Did one once taking out all the plaster, including ceiling. Saved the period trim and refinished along with hanging drywall, etc, etc. Very dirty.

Anyway, nothing against you.


----------



## timhag (Sep 30, 2007)

Joewho said:


> That's my intial reaction to that kind of job. Done plenty. More construction than painting.
> 
> Did one once taking out all the plaster, including ceiling. Saved the period trim and refinished along with hanging drywall, etc, etc. Very dirty.
> 
> Anyway, nothing against you.


I should have known better because thats my reaction 2 weeks into it......lol. Its coming along good though, still lots of work to do.


----------



## Tmrrptr (May 4, 2007)

Looks like a great job!

Can't wait to see the after pics...

Won't you use propane bombs in there to keep warm?


----------



## Joewho (Apr 17, 2007)

timhag said:


> I should have known better because thats my reaction 2 weeks into it......lol. Its coming along good though, still lots of work to do.


It's the kind of work I respect in other painters. There's absolutley nothing to equal hands on experience. There is so much to learn on this type of job, and apply to work in the future.

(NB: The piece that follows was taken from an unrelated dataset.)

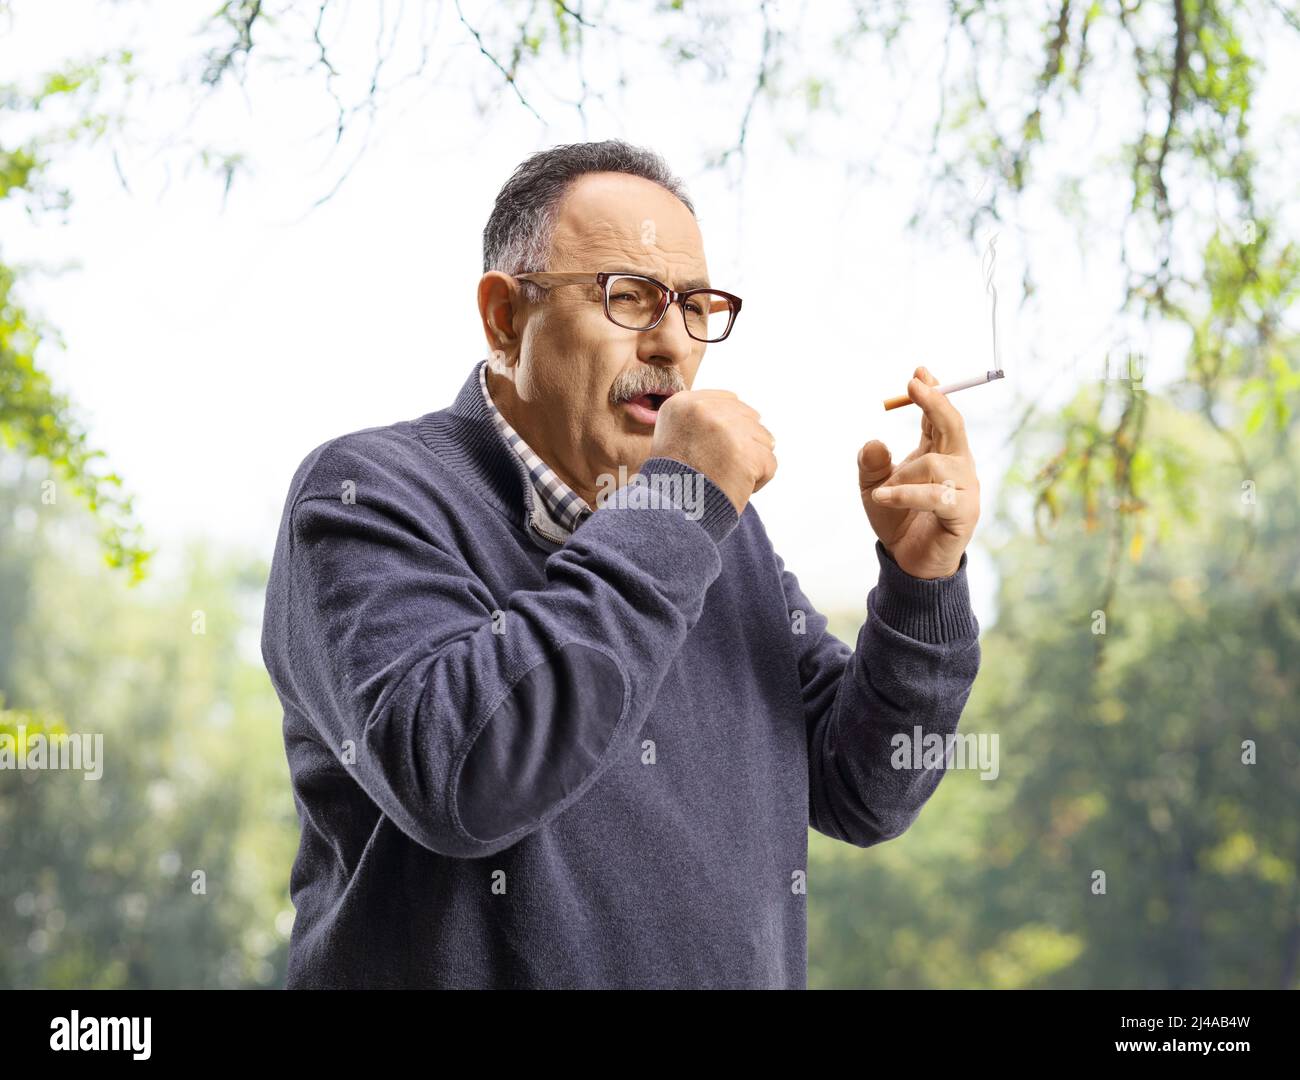 Mature man smoking and coughing outdoors in a park Stock Photo
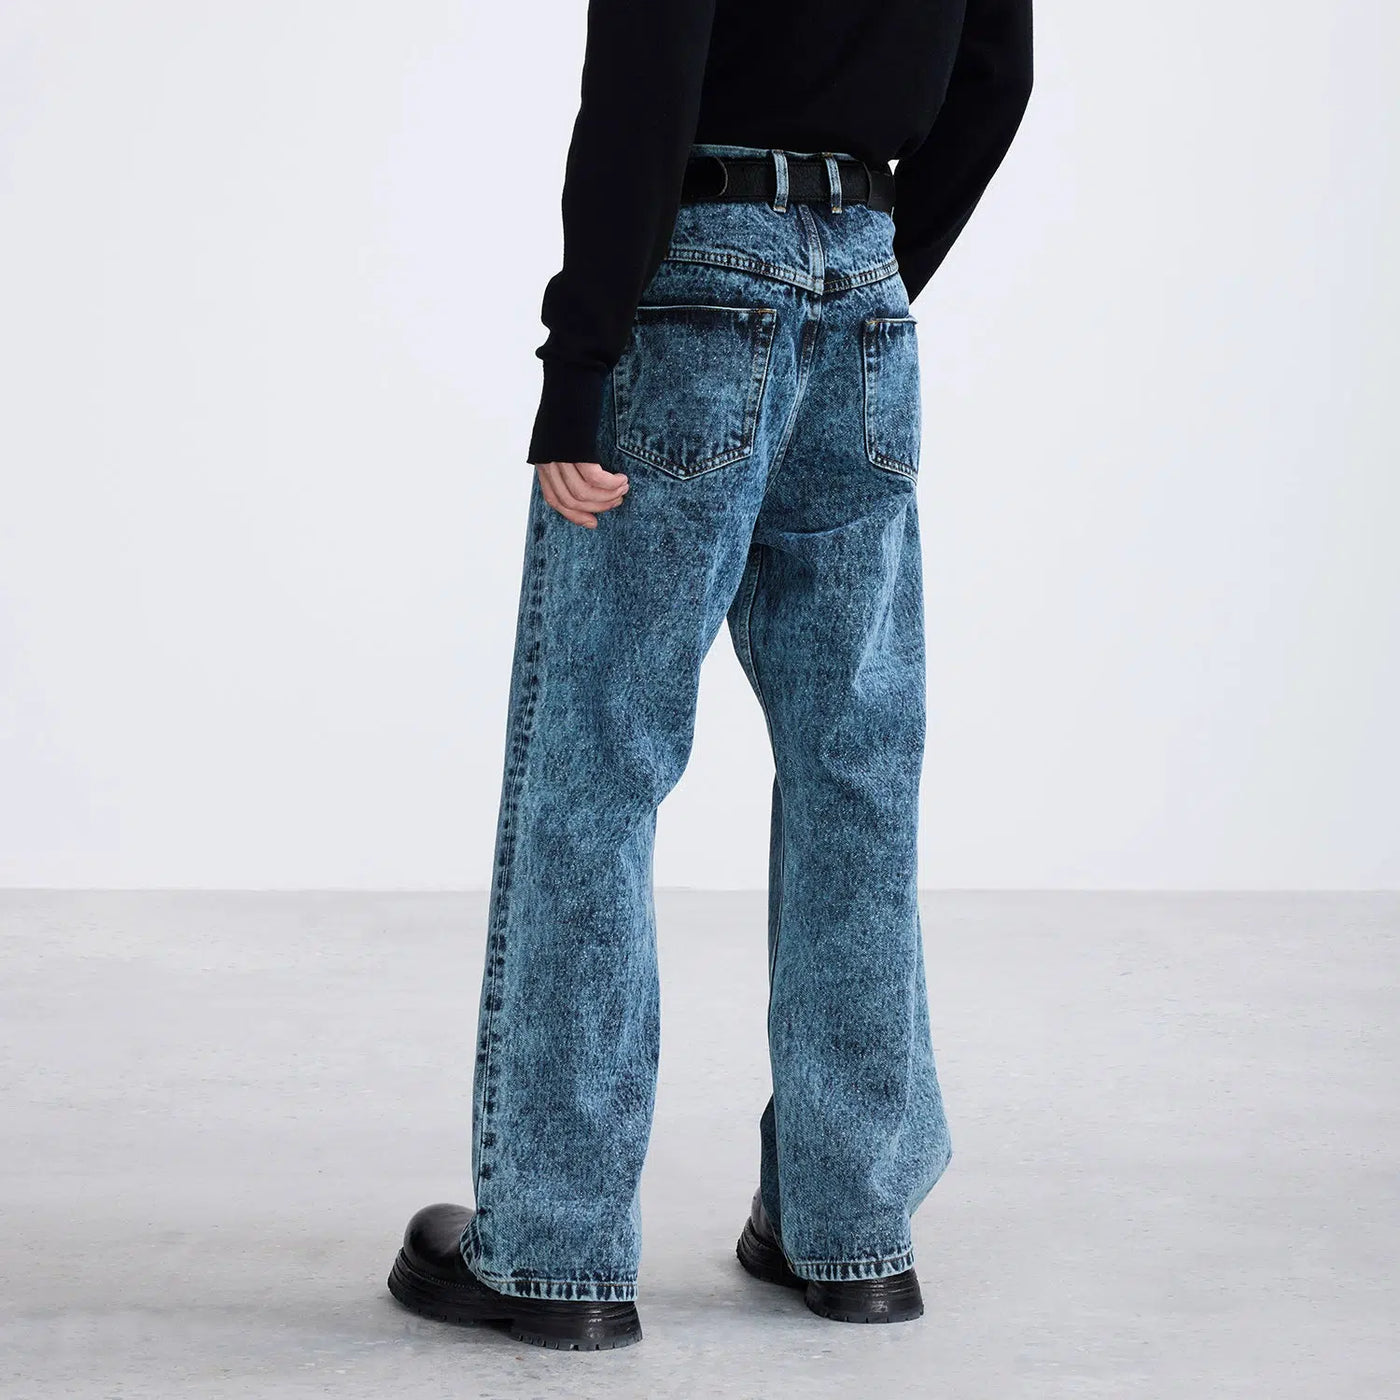 Essential Washed Bootcut Jeans Korean Street Fashion Jeans By Terra Incognita Shop Online at OH Vault

I learned by doing the work and having the owner, who's an antique's expert, looking over my shoulder. He's the bastard who had me hand scraping his queen ann before I knew anything. Great friend and a great person to know. I'd really like to take over his refinishing shop, just feel that I'll never have an eye for matching stains though. No, really, I have astigmatisms. And I'm a little goofy at times. What do you expect from a lifetime of sniffing paint?


----------